Der seit vielen Jahren von der Wirtschaft geforderte und dann stets von der Politik abgelehnte Ausbau der Nord-Süd-Straße findet sich in dem Papier nicht. Dafür aber eine detaillierte Bestandsaufnahme und ein ganzes Maßnahmenbündel mit teils recht simplen, teils auch recht kreativen Ansätzen.

Die Umsetzung kostet drei bis zehn Millionen Euro

Vor allem geht es, natürlich, um die Nord-Süd-Straße. An den insgesamt fünf Kreuzungen zwischen der Anschlussstelle zur A 8 und der Vaihinger Straße kurz vor dem Hengstäckertunnel sollen wahlweise zusätzliche Fahrstreifen asphaltiert, wahlweise auch lediglich die Fahrbahnmarkierungen neu aufgebracht werden, um für Geradeausfahrer wenn möglich Dauergrün einzurichten. Am vom Gemeinderat jüngst beschlossenen Vollanschluss zur Breitwiesenstraße, also einer dieser Kreuzungen, sollen Rechtsabbieger ebenfalls nicht auf Grün warten müssen.

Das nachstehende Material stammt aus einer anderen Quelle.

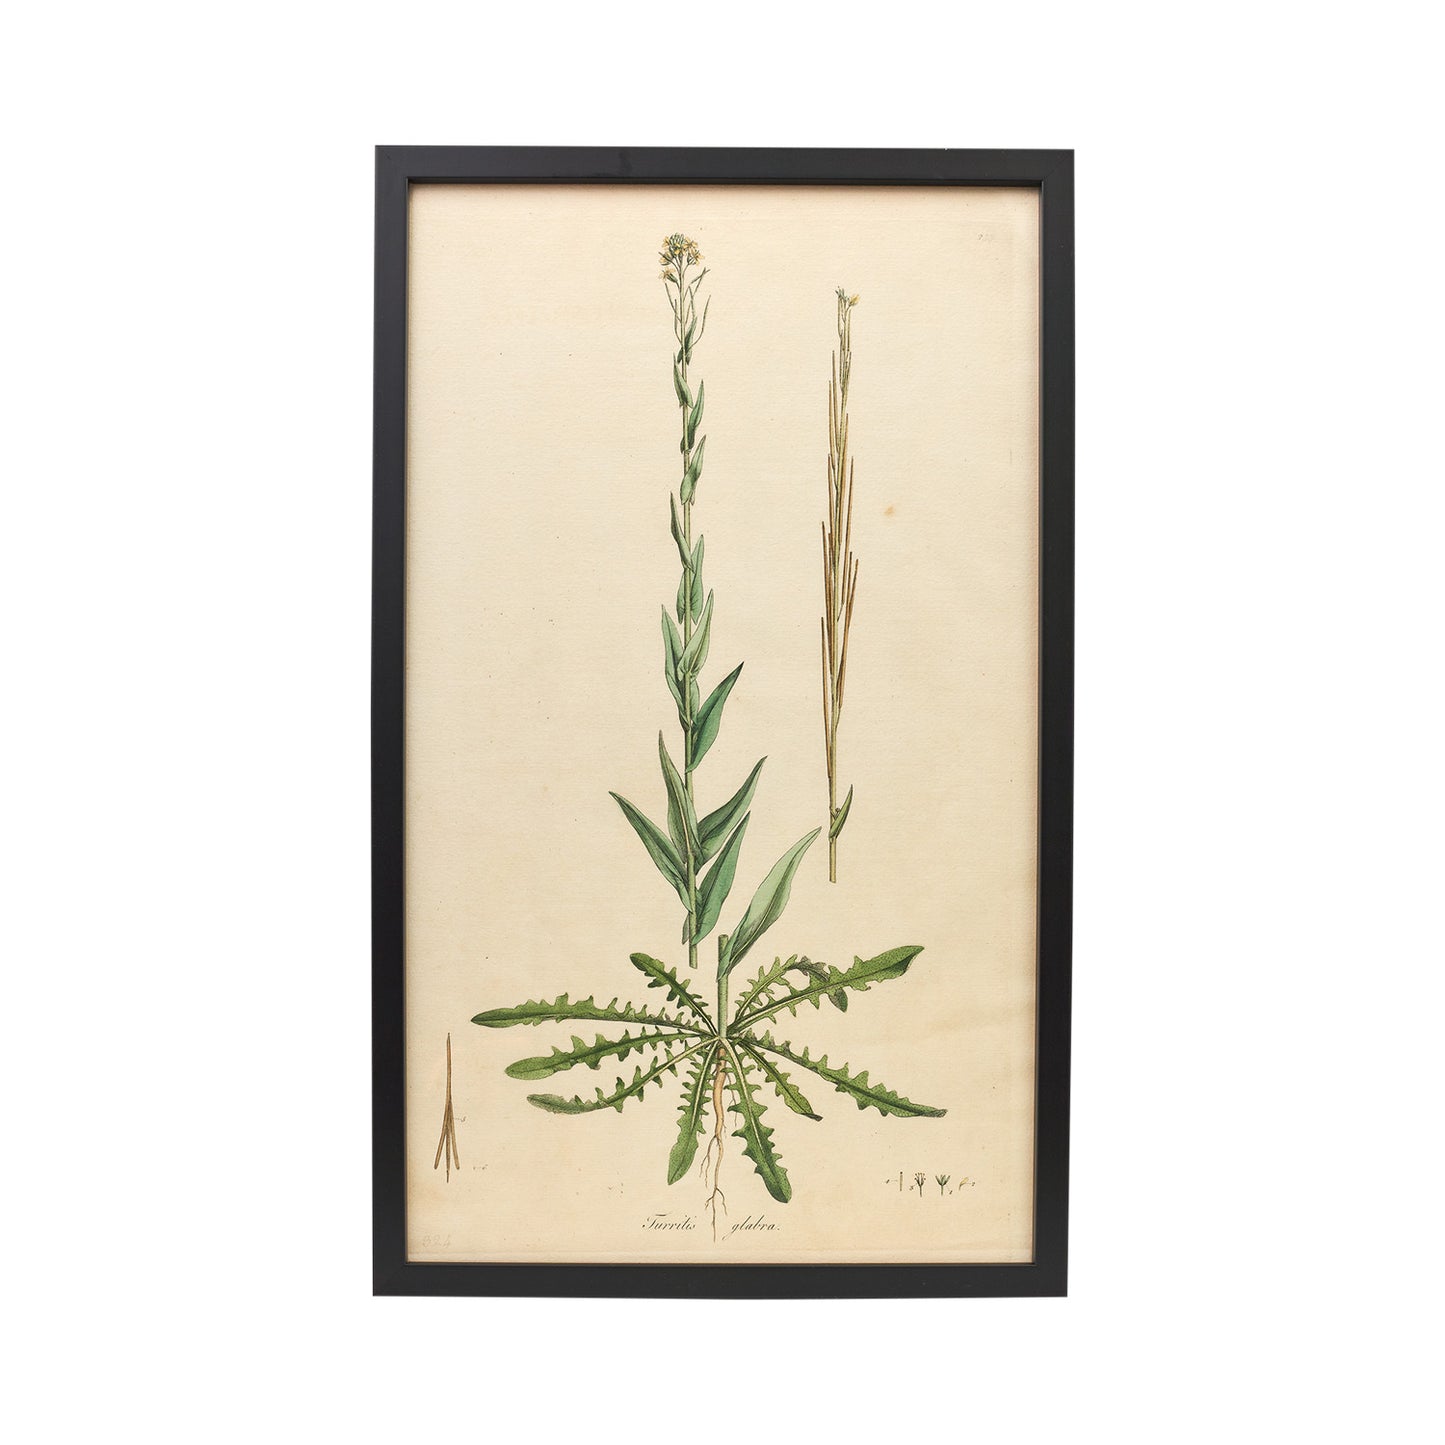 Glabra ‘Flora Londinensis’ Botanical Print - Framed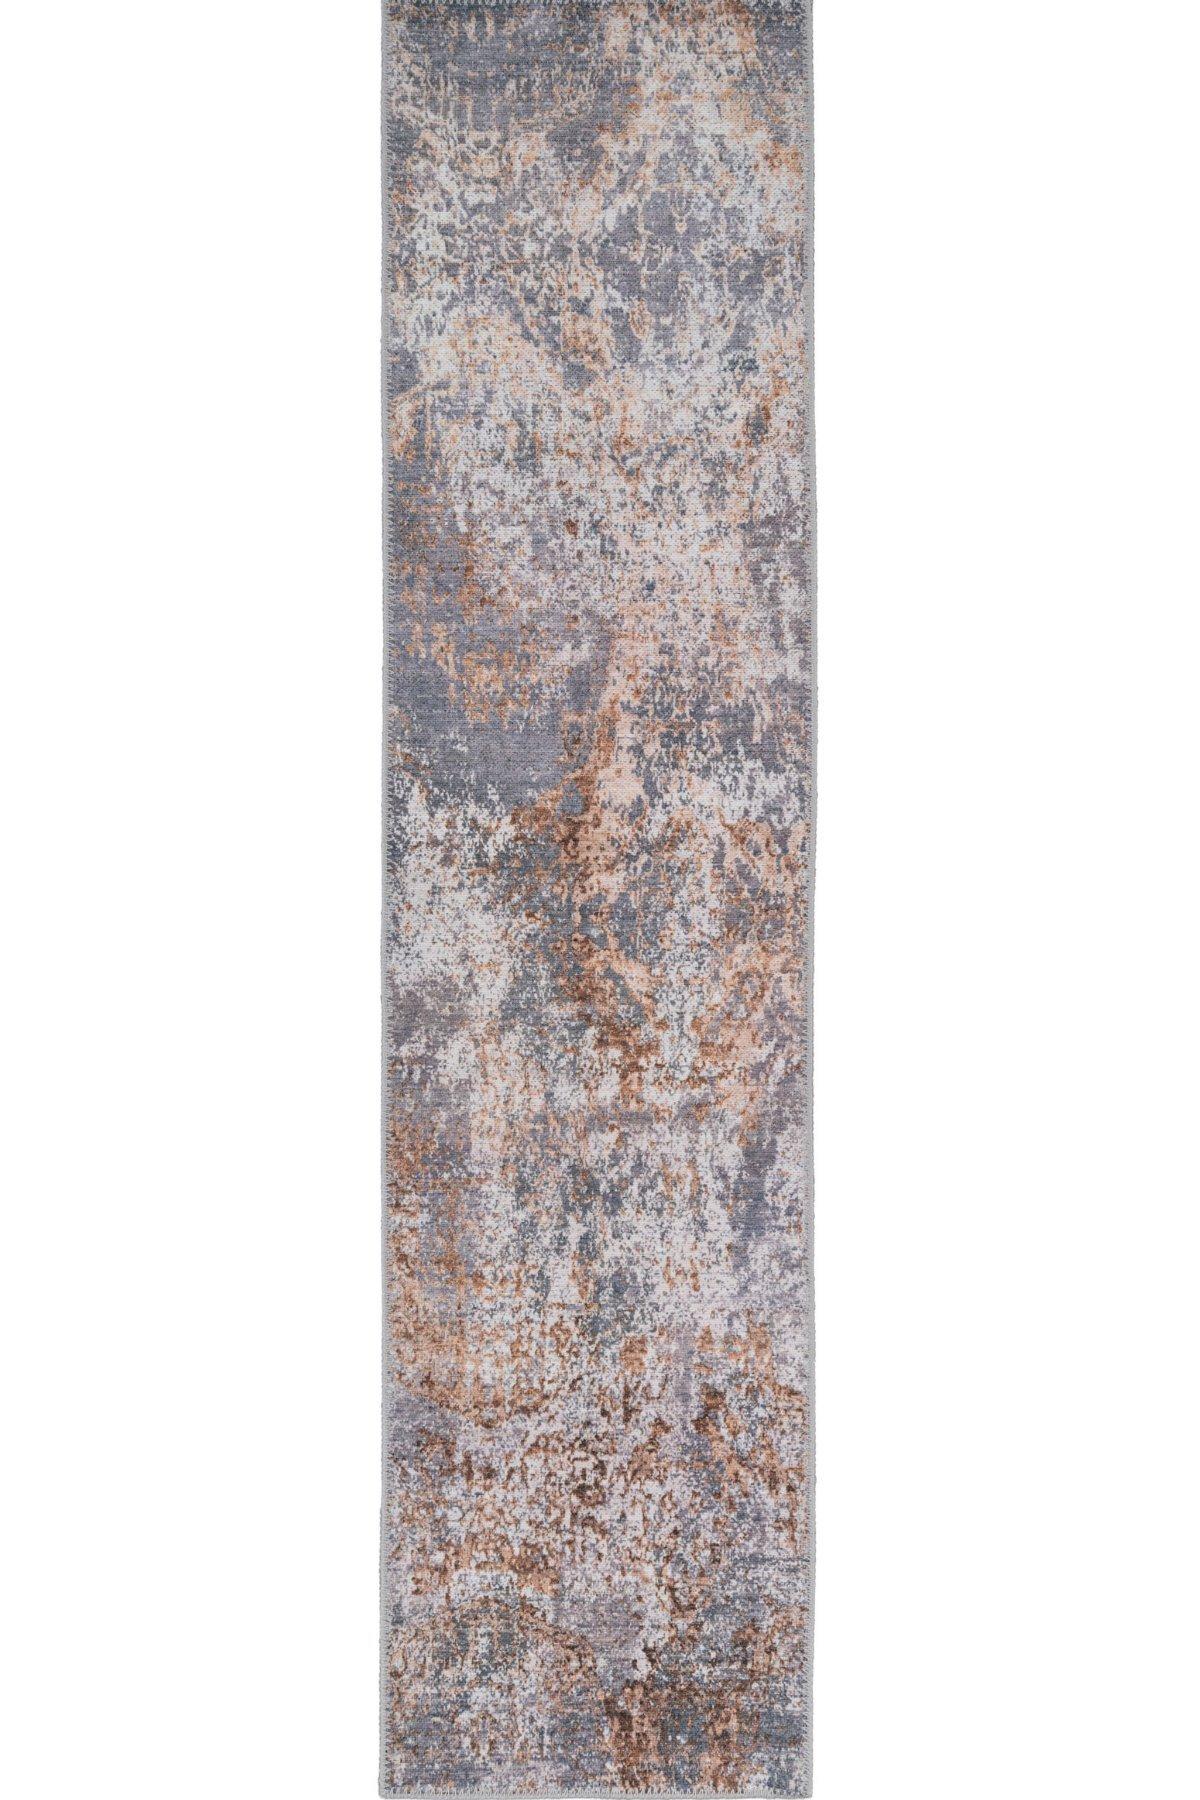 Metalic Grey Distressed Hallway Runner Rug Non Slip & Washable

Zudem soll zwischen der Breitwiesenstraße und der Vaihinger Straße die Nord-Süd-Straße auf einer Länge von etwas mehr als einem Kilometer dreispurig ausgebaut werden. In den drei Unterführungen wäre dafür laut Gutachten genug Platz, und es würde das Zusammenspiel der drei Kreuzungen in diesem Bereich vereinfachen.

Auf die Wunschliste haben die Experten auch eine neue Rampe zur A 8 gesetzt, um den Rückstau sozusagen am Ausgangspunkt in den Griff zu bekommen. Allein für diese Maximalforderung, die in etwa so ambitioniert ist wie ein Vollausbau der kompletten Nord-Süd-Straße, wären wohl fünf Millionen Euro fällig. Ohnehin geht die WIV davon aus, dass man einiges an Geld in die Hand nehmen müsste – mindestens drei Millionen Euro, bei Umsetzung aller Maßnahmen zehn Millionen Euro.

Den Experten schwebt eine Parkplatz-App vor

Zumindest ein Teil des Staus geht auf Autofahrer zurück, die im Synergiepark auf der Suche nach einem Abstellplatz hin und her fahren. „Uns fehlen 5000 bis 6000 Parkplätze“, sagt Sabow. Dem soll mit einem intelligenten Parkleitsystem entgegengewirkt werden, etwa in Form einer App auf dem Handy. Die neuen Expressbusse, die aus Reutlingen und Tübingen kommend den Flughafen ansteuern sollen, könnten bis in das Gewerbegebiet weiterrollen.

Und dann gäbe es noch das Parkhaus an der A 8, um zu verhindern, dass die Autofahrer überhaupt erst in den Synergiepark einbiegen. Das Gelände gehöre bereits der SSB. Mit einer zusätzlichen Haltestelle oder unter Umständen auch mit einem pendelnden Shuttle-Bus versehen, könnten Tausende Beschäftigte zur Arbeit gebracht werden.